The EU’s foreign ministers will intensify cooperation with Syria’s new National Coalition. With Syrian president Assad losing ground at home, Western powers have to prepare for a post-Assad era, say security experts.
The extent to which the situation in Syria has become a symbol for the struggle for peace was underlined yet again on Monday (10.12.2012). European Commission President José Manuel Barroso made reference to Syria in his acceptance speech in Oslo, where he and fellow European representatives collected the Nobel Peace Prize in the name of the European Union.
"The current situation in Syria is a stain on the world's conscience", Barroso said, adding that "the international community has a moral duty to address it."
The statement came as EU foreign ministers gathered in Brussels to meet with Ahmed Moaz al-Khatib, the head of Syria's newly formed National Coalition.
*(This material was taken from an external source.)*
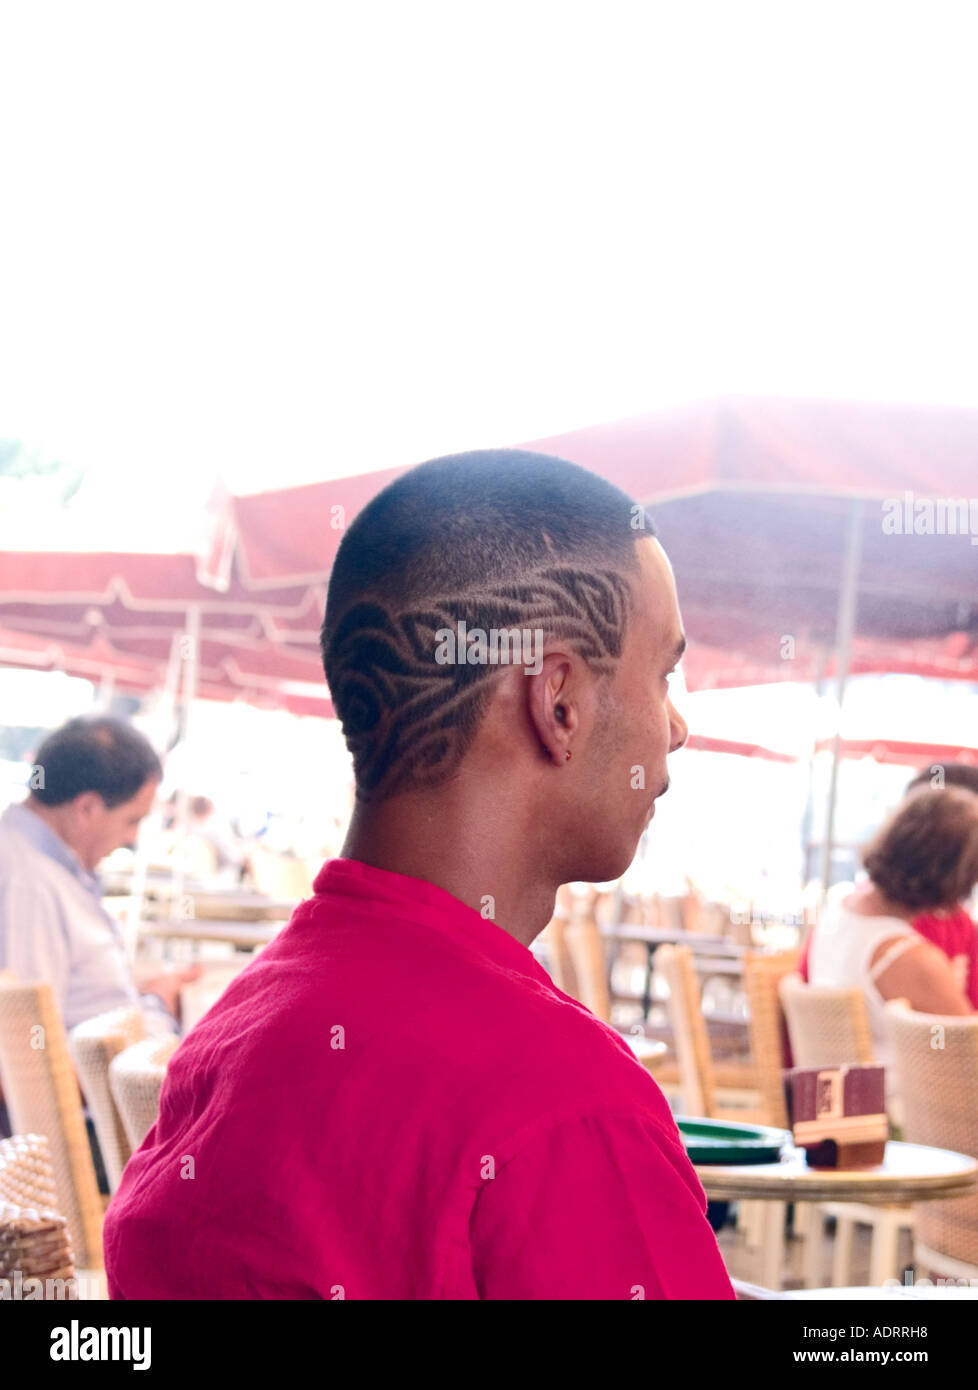 Eine Ruckansicht Ein Franzosischer Mann In Einem Cafe Mit Einem Flammen Muster In Seine Haare Rasiert Stockfotografie Alamy

Speaking after the meeting with al-Khatib, Germany's foreign minister Guido Westerwelle said he was satisfied that the EU's foreign ministers had decided to elevate the status of the oppositon National Coalition.
'Pluralistic future for Syria'
Westerwelle said he was convinced that "there is an alternative to the Assad regime. There is a pluralistic future for Syria." The new National Coalition, according to Westerwelle, was a "coalition of diversity" that represents different religious and ethnic groups.
Back in November, the EU had called the coalition "legitimate representatives of the Syrian people's hopes".
But at the time, the coaltion was seen as one of many interlocutors. France and Great Britain were the first to recognize Al-Khatib's group as the main partner for dialogue. Germany later followed suit.
"The decision to revalue our cooperation is the right decision", said Westerwelle, adding that "the timing is perfect. We are using the current momentum. This is an important measure to advance the erosion of the regime."
Adding to the mounting pressure on Syrian President Bashar al-Assad, Germany also announced on Monday that it was going to expel four Syrian diplomats from Berlin, in a move to reduce contact with the Assad regime "to a minimum".
Opposition overcoming internal divisions?
Overall, signs have been increasing lately that the days of the Assad regime could be numbered - both on the military and the political level, said security expert Marc Pierini from the Brussels-based think tank Carnegie Europe.
He told Deutsche Welle that the formation of the Syrian National Coalition was a crucial step towards the transition to a post-Assad regime. It was a sign, he said, that the opposition was at last overcoming its inner divisions – a factor that had long made it impossible to reach a lasting solution regarding any form of transitional government.
One goal of the meeting in Brussels was to prepare a 'Friends of Syria' conference in Marrakesh which will be held later this week. The aim is to "provide details as far as the balance of power of the various components of the opposition is concerned", Pierini said.
That balance of power, he added, would significantly shape diplomatic ties between any potential government ruling a post-Assad Syria and Western powers, such as the EU or the United States.
Pierini pointed out that, given Western powers' continued opposition to a military intervention to put an end to the 21-month conflict, their future influence on the Syrian opposition might be limited. "The rebels are saying: Who are you to give us advice? We've done it ourselves and you haven't given us any weapons."
National Coalition still needs to 'learn the ropes of diplomacy'
Once the balance of power within the new National Coalition is known, however, Western powers could seize the opportunity to win back some trust by the Syrian opposition. "The Syrians can now appoint somebody like a ‘foreign minister' who can conduct a dialogue with Syria's partners", said security expert Pierini.
Western powers could share their political know-how with the new National Coalition, for example, because "of course the Syrian opposition still have to learn the ropes of international diplomacy."
The conflict in Syria has cost an estimated 40,000 lives so far. The EU Commission also announced on Monday that it would step up humanitarian aid by another 30 million to 126 million euros overall. The money is aimed at helping some two million civilians in Syria and the more than 474,000 Syrians who have escaped into neighboring countries so far.